A Couple of Beauties also suffered the unfortunate fate of being released in the midst of an unexpected slew of films about female impersonators, including Emery’s Ooh you are Awful, Danny La Rue’s Our Miss Fred and Reg Varney’s comparatively sober take on a drag queen’s lot that is the film adaptation of The Best Pair of Legs in the Business. After A Couple of Beauties, Lewis was rarely troubled by film or television again, instead enjoying success outside of the two mediums by continuing his nightclub act, owning his own club in Manchester and appearing in adult pantomimes like ‘Cinder’s a Fella’ and ‘A Puff in Boots’. It wouldn’t be until the early 1990s that Cliff Twemlow tempted Lewis back to the screen with a small role –not featuring him in drag by the way- in GBH 2: Lethal Impact (1991).




At its heart A Couple of Beauties is a harmless, uncynical end of the pier romp, whose only crime appears to be wanting to entertain everyday people, and maybe sneak a bit of Eady money into its handbag when no one is looking. Not that this nor its utter obscurity –it was unknown to even the most die-hard British film and comedy aficionados till a few years ago- prevented it from being trashed in ‘Truly, Madly, Cheaply’. A 2008 BBC2 documentary on Britain’s B-Movie legacy which predictably became uncomfortable with its subject matter once its focus turned to the more exploitative 1970s. “As you watch this film you can see the life haemorrhaging out of the B-Movie form” sneered the narration as clips illustrating the film’s Northern setting, use of transvestite humour and use of Bernard Manning were waved in front of a BBC2 audience in an attempt to extract a mortified response and sense of cultural shame out of them. Follow on clips of the sexual assault scenes from ‘Take An Easy Ride’, and references to a pair of films called ‘Dreams of 13’ and ‘The Younger, The Better’ (conveniently ignoring the fact that those two aren’t even British films) reeks of a hatchet job designed to give the uninitiated the false impression that 1970s British exploitation cinema was all about titillating rape scenes, jailbait fixations and Bernard Manning. A combo likely to alienate and drive a BBC2 audience behind the sofa, rather than pique their curiosity for the decade’s cinematic underdogs.

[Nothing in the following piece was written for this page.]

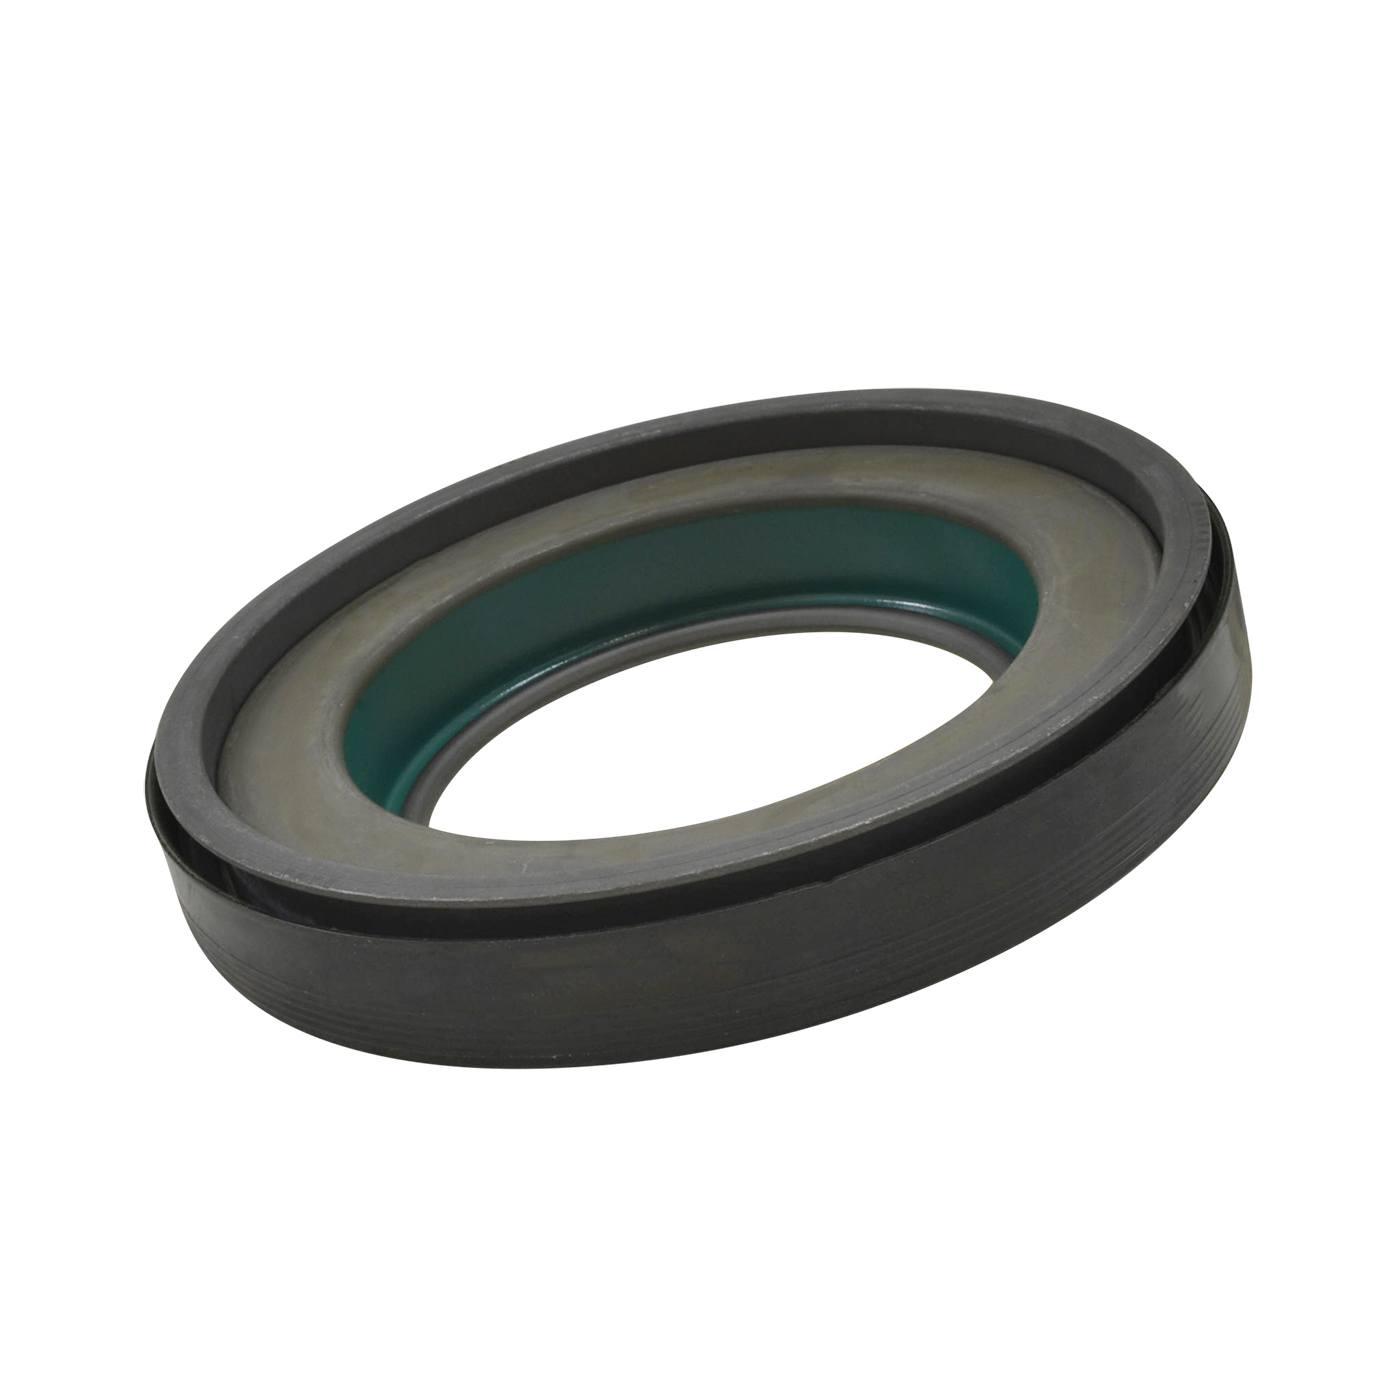 Replacement outer unit bearing seal for '05 & up Ford Dana 60 
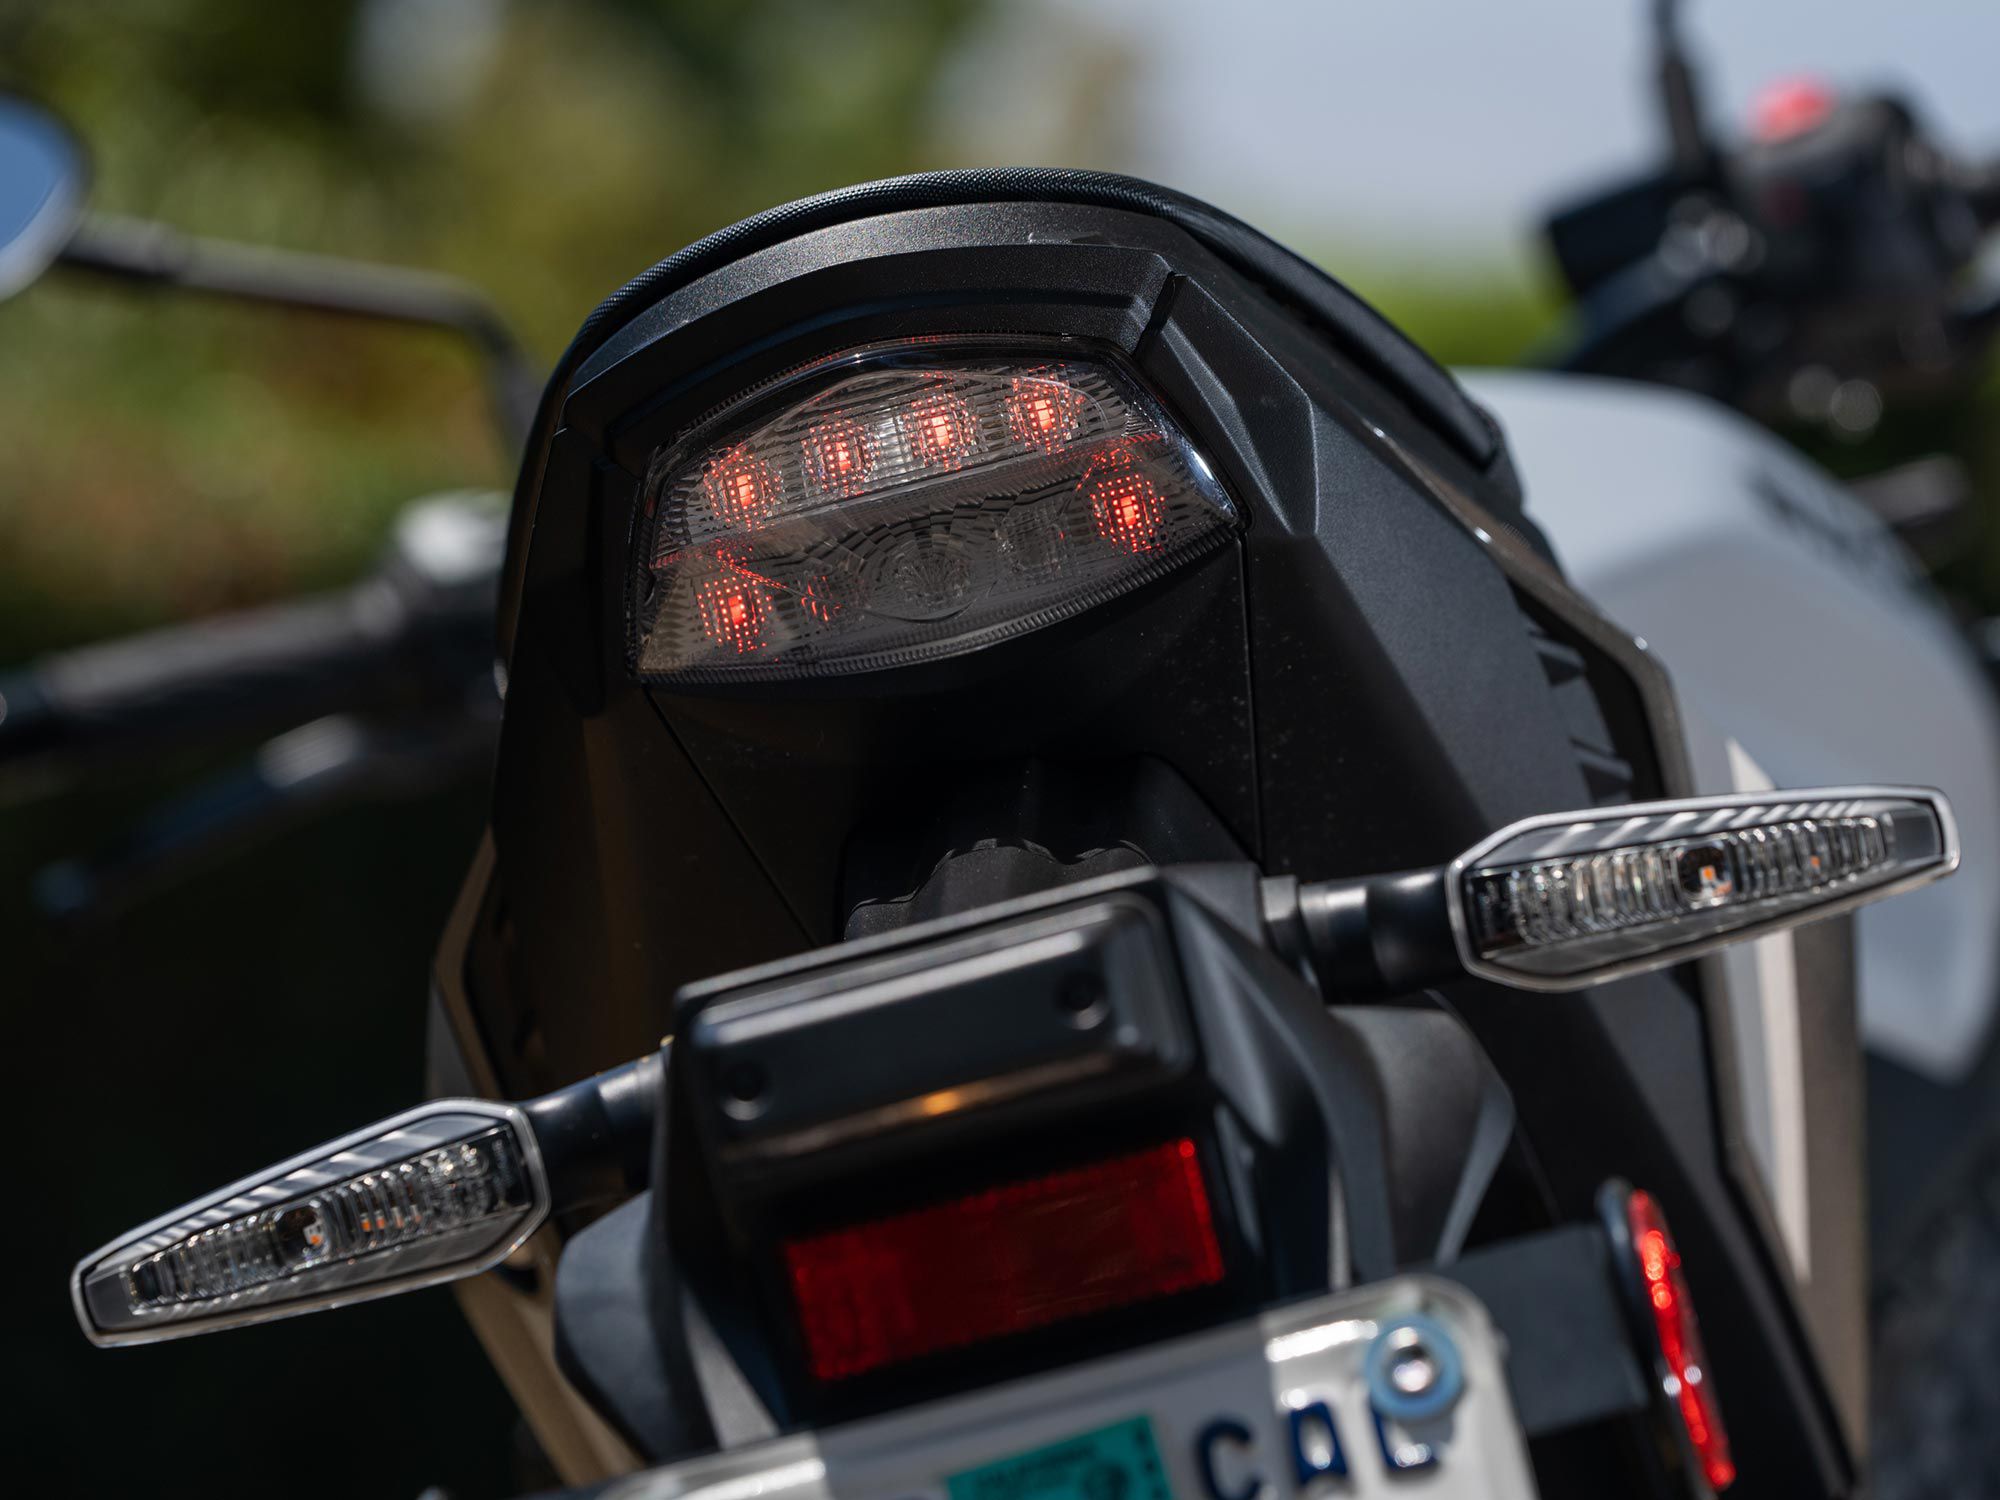 An LED taillight continues to adorn the 2022 GSX-S1000, however the turn signals are now LED as well.

Going after A Couple of Beauties in that manner seems such a mean-spirited, cheap shot- the phrase ‘shooting fish in a barrel’ comes to mind- that you find yourself being pushed towards the more difficult, but decent path of standing up for the past, and coming out metaphorically swinging in its defence. The measure of a man is –after all- how tall he walks. The irony is that since that documentary went out we’ve seen the British public hoist ‘Mrs. Brown's Boys D'Movie’ to the top of the UK film chart for two weeks. Demonstrating that the public’s love affair with men in drag and so-called ‘low-comedy’ is alive and well in 2014, and not exactly the forgotten footnote to British cinema that Truly, Madly, Cheaply would have you believe. So maybe A Couple of Beauties gets to have the last laugh here after all.